- **What to produce**: Set down the data again exactly. Pictures are not part of the copy.

- **Material provided**:
....
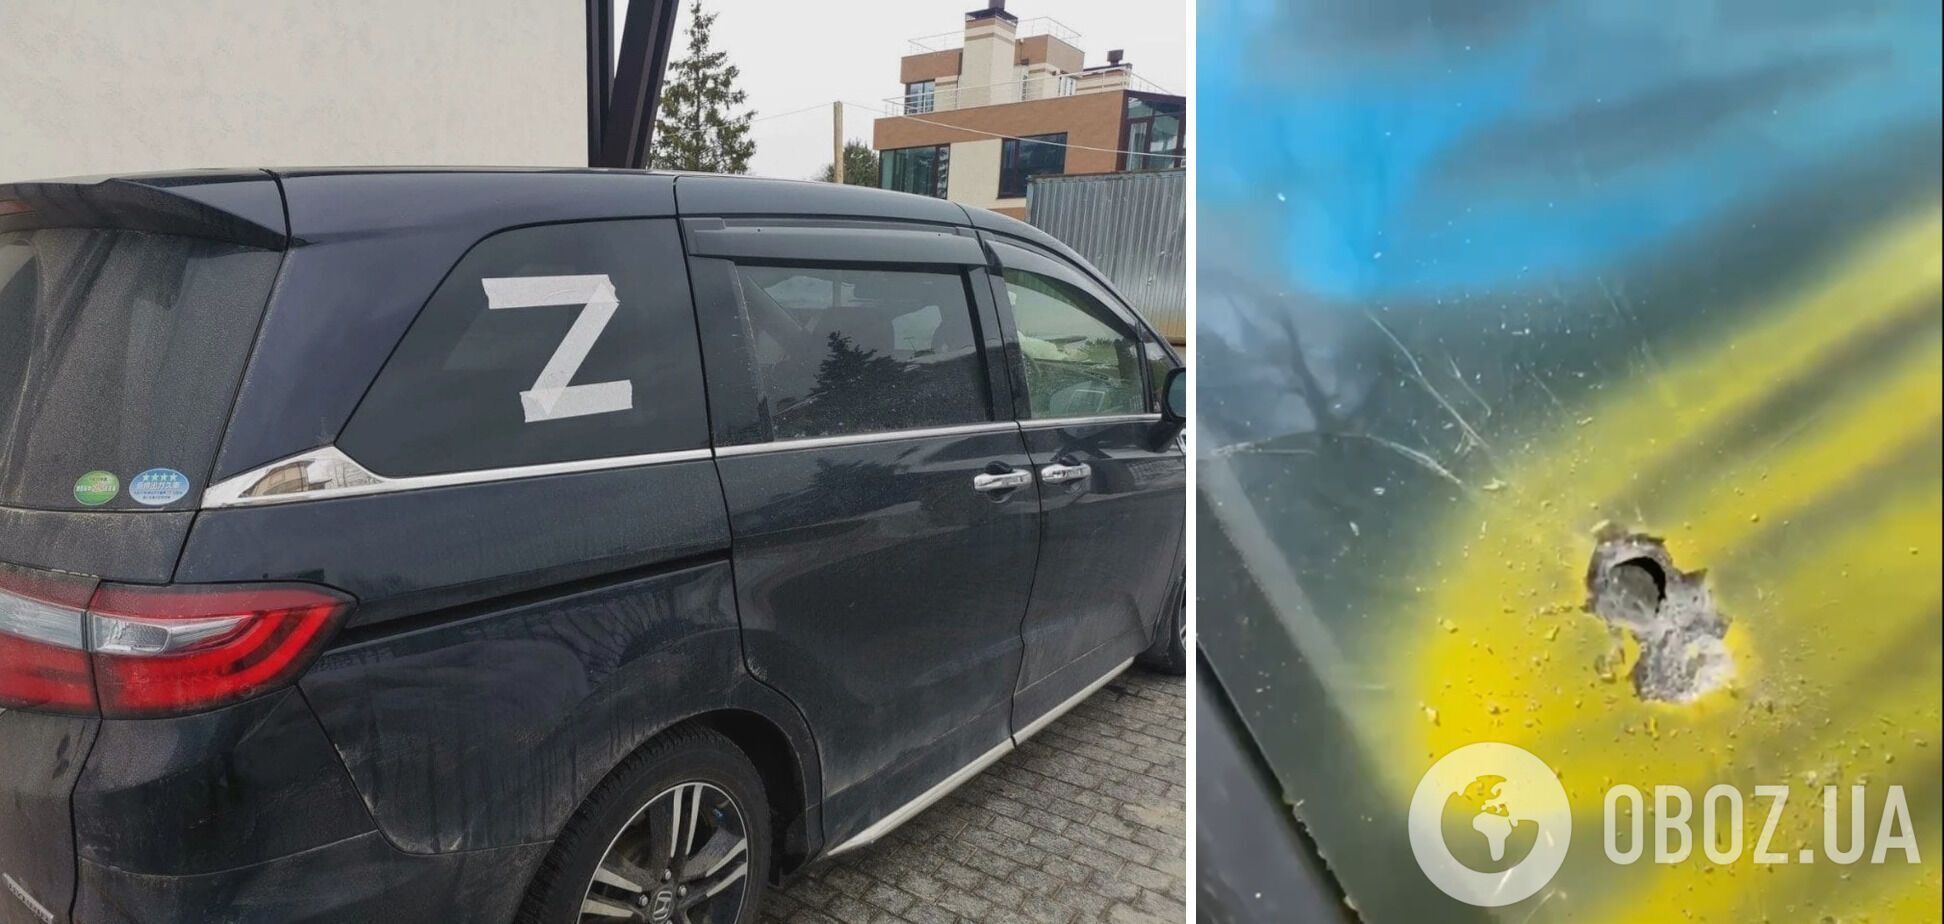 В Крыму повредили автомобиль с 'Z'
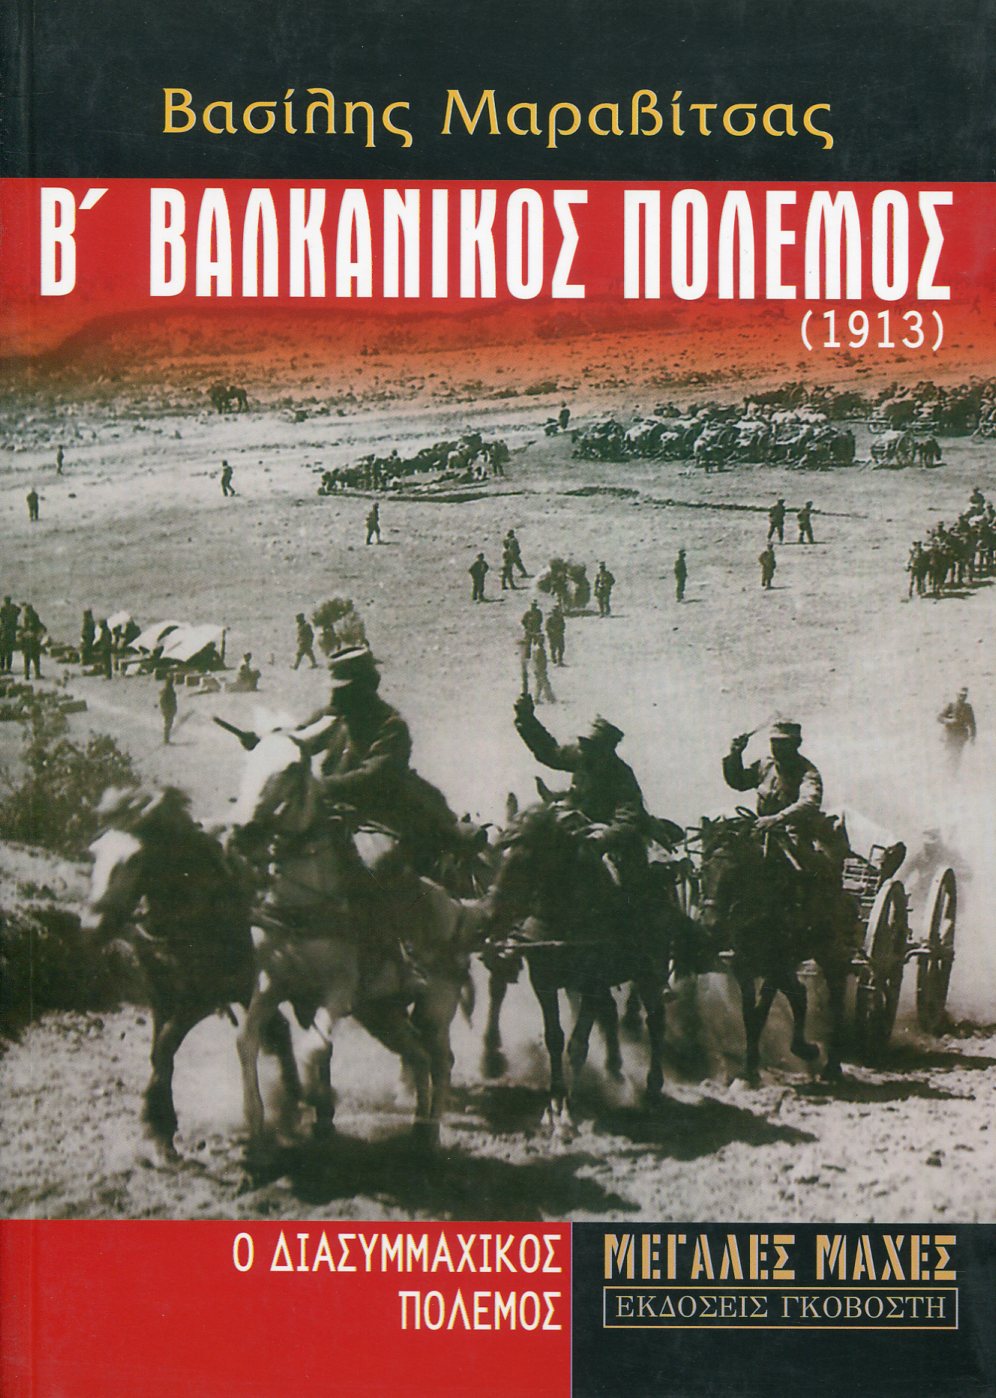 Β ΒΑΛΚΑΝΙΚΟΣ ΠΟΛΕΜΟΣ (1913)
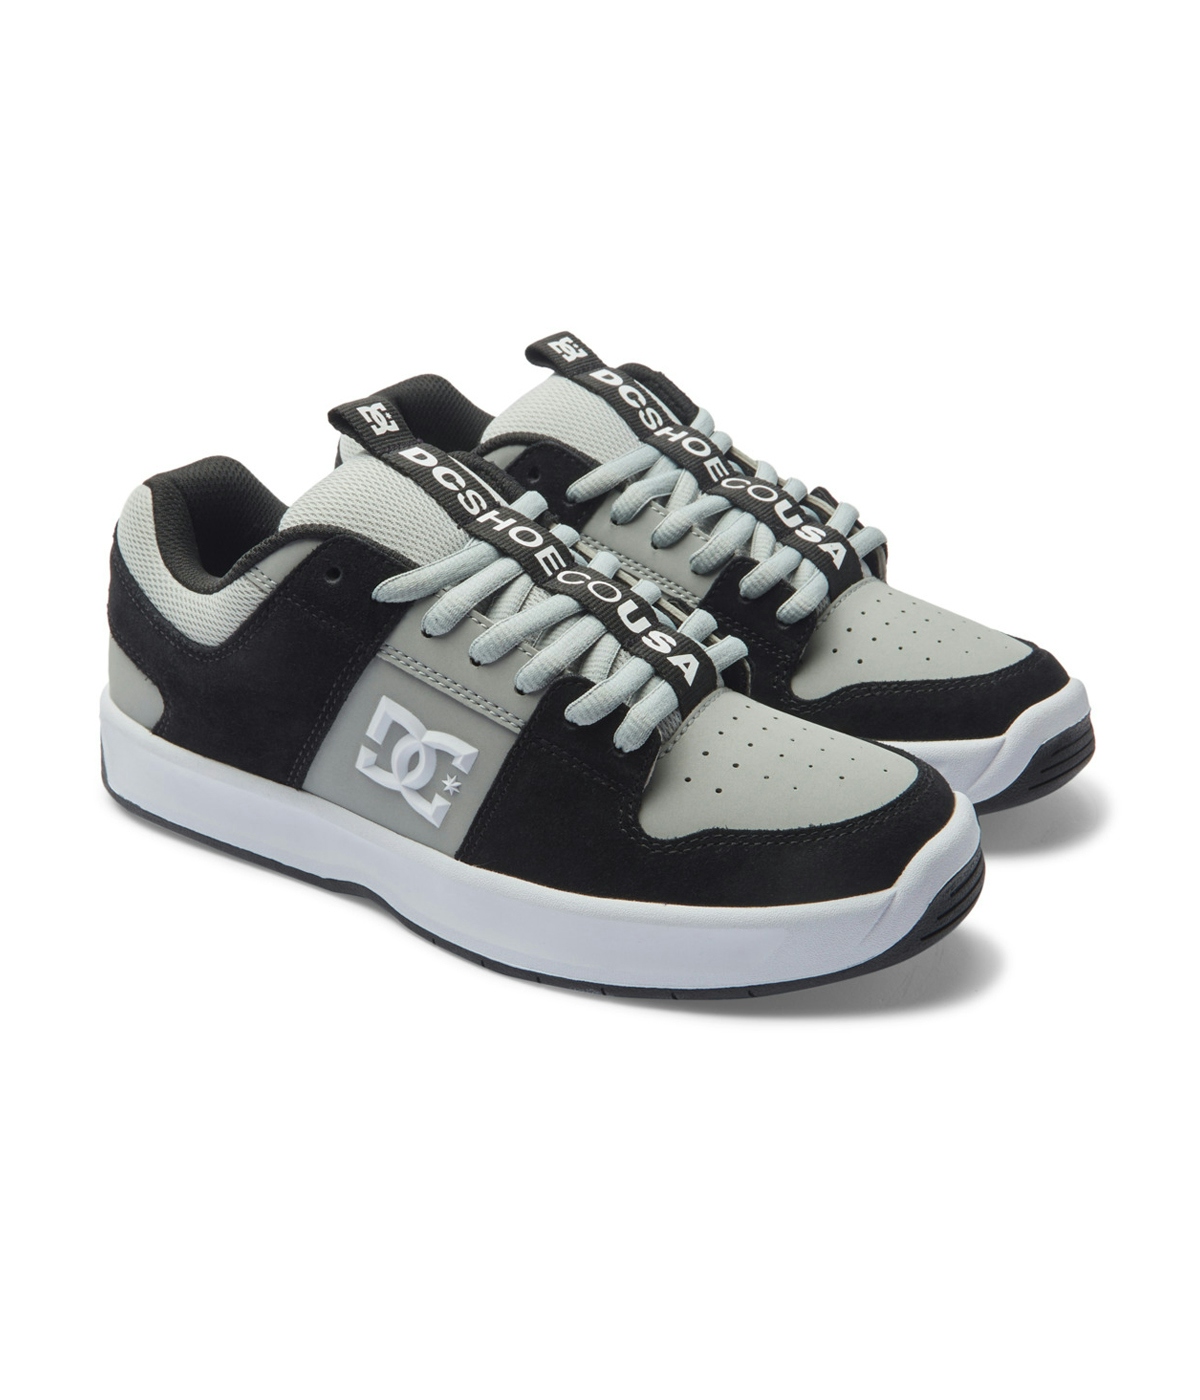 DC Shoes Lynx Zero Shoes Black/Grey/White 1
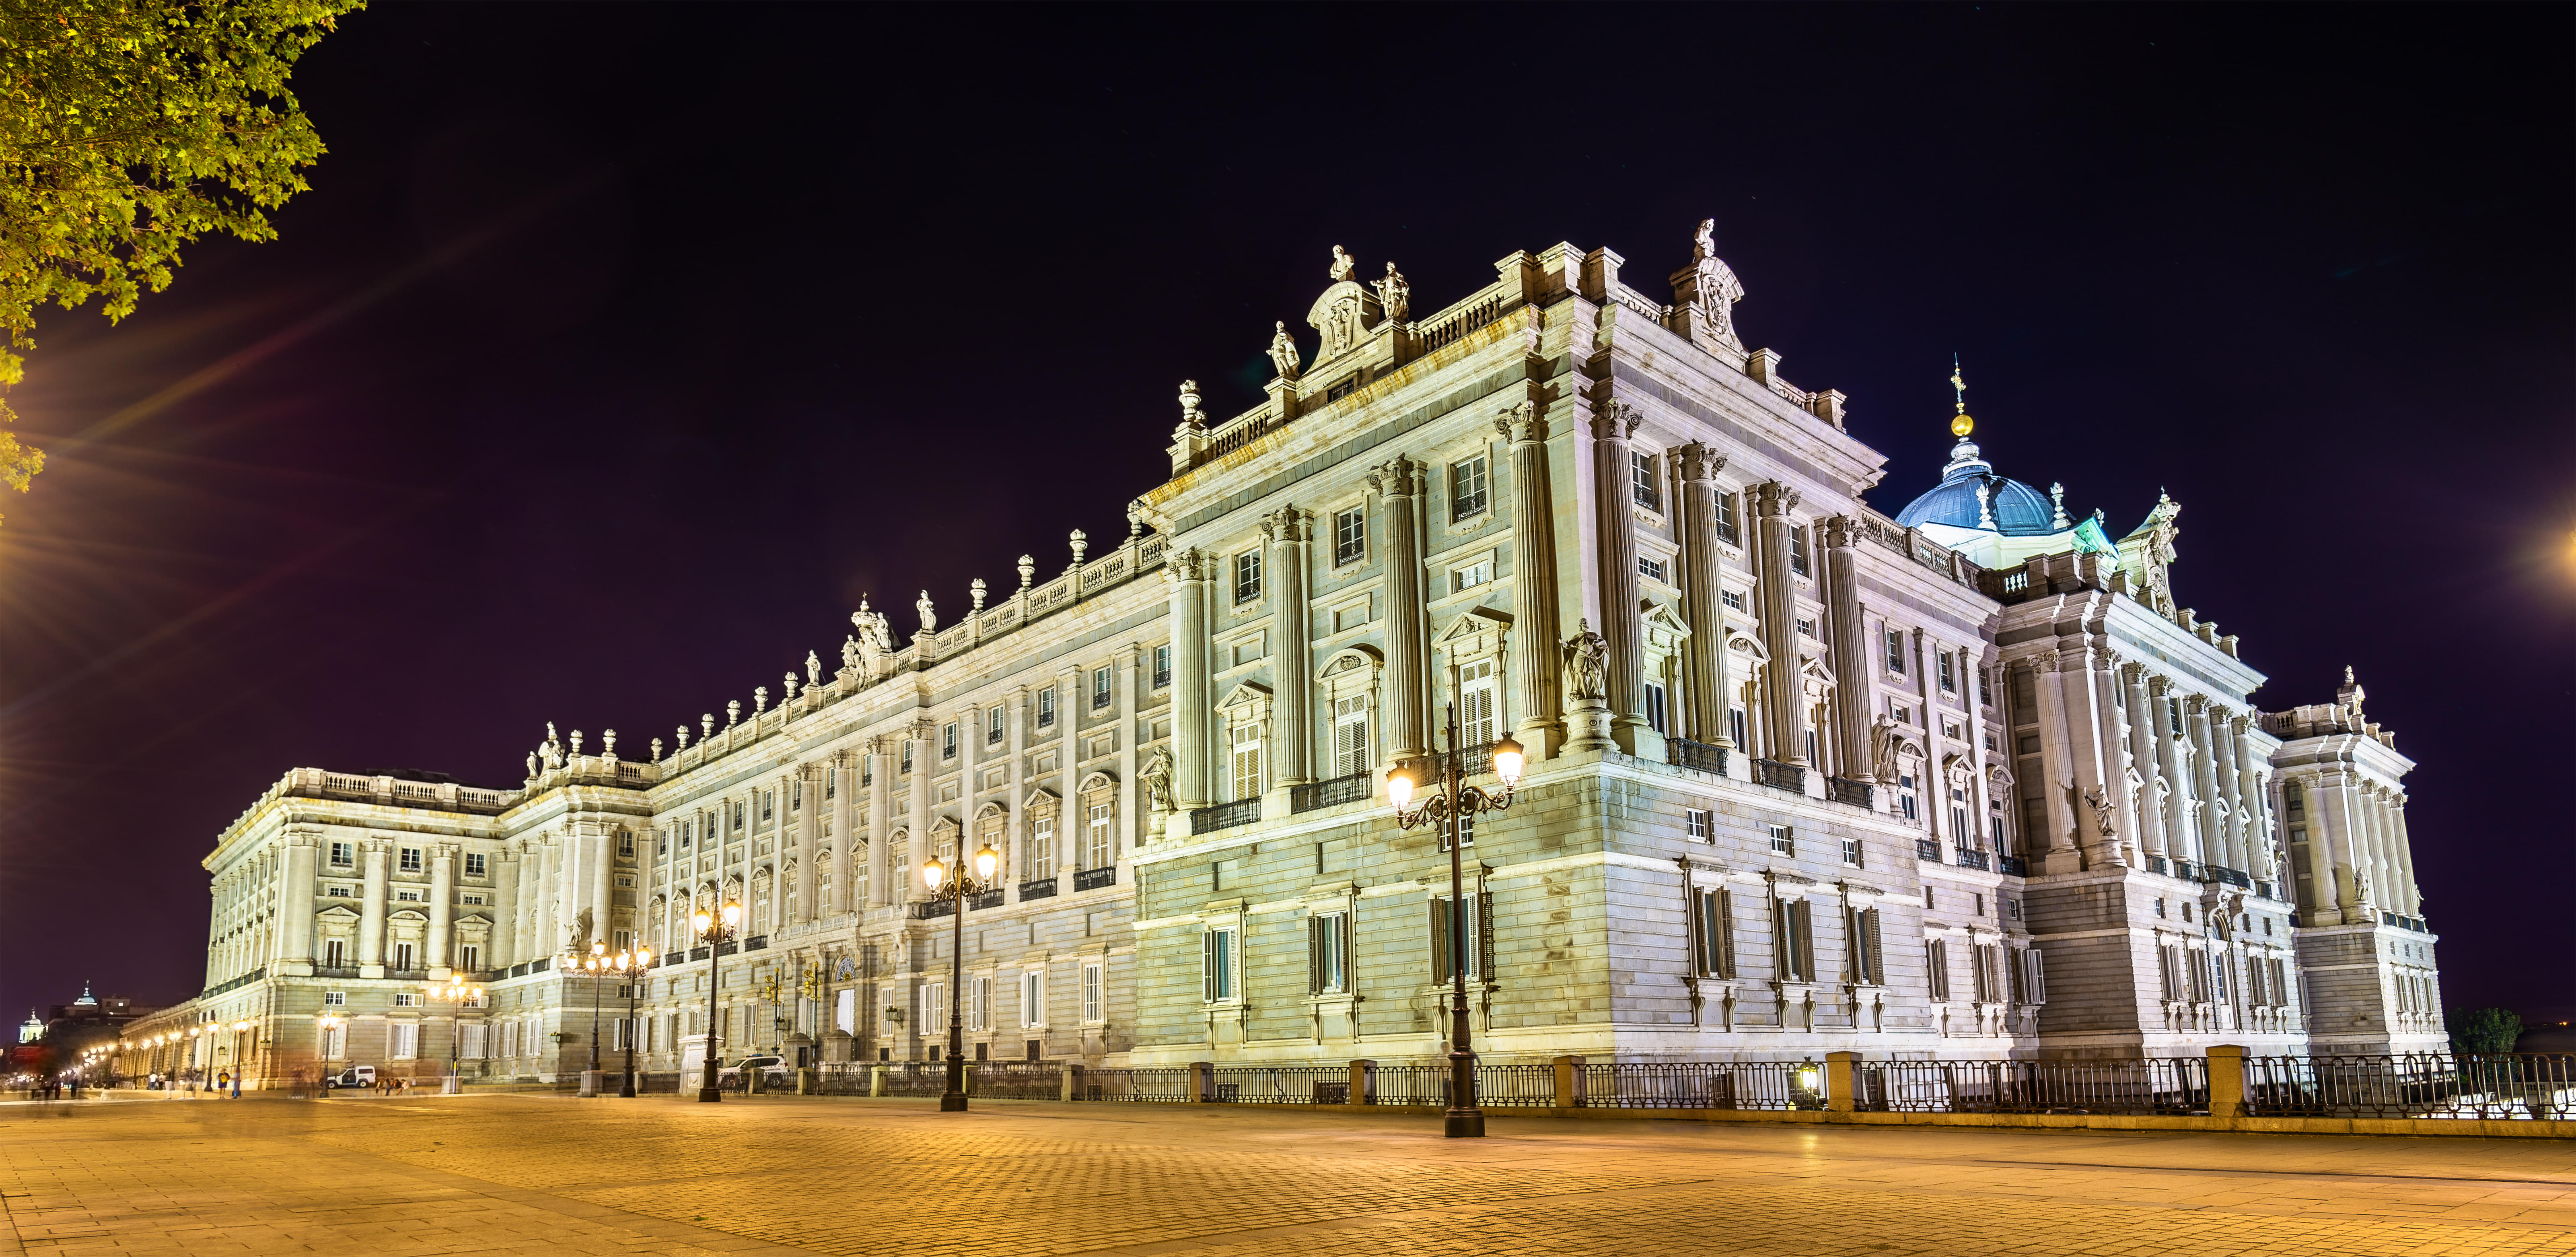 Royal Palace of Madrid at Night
....
- **Result of the exercise**:
 В Крыму повредили автомобиль с 'Z'
 Β ΒΑΛΚΑΝΙΚΟΣ ΠΟΛΕΜΟΣ (1913)
 DC Shoes Lynx Zero Shoes Black/Grey/White 1
 Royal Palace of Madrid at Night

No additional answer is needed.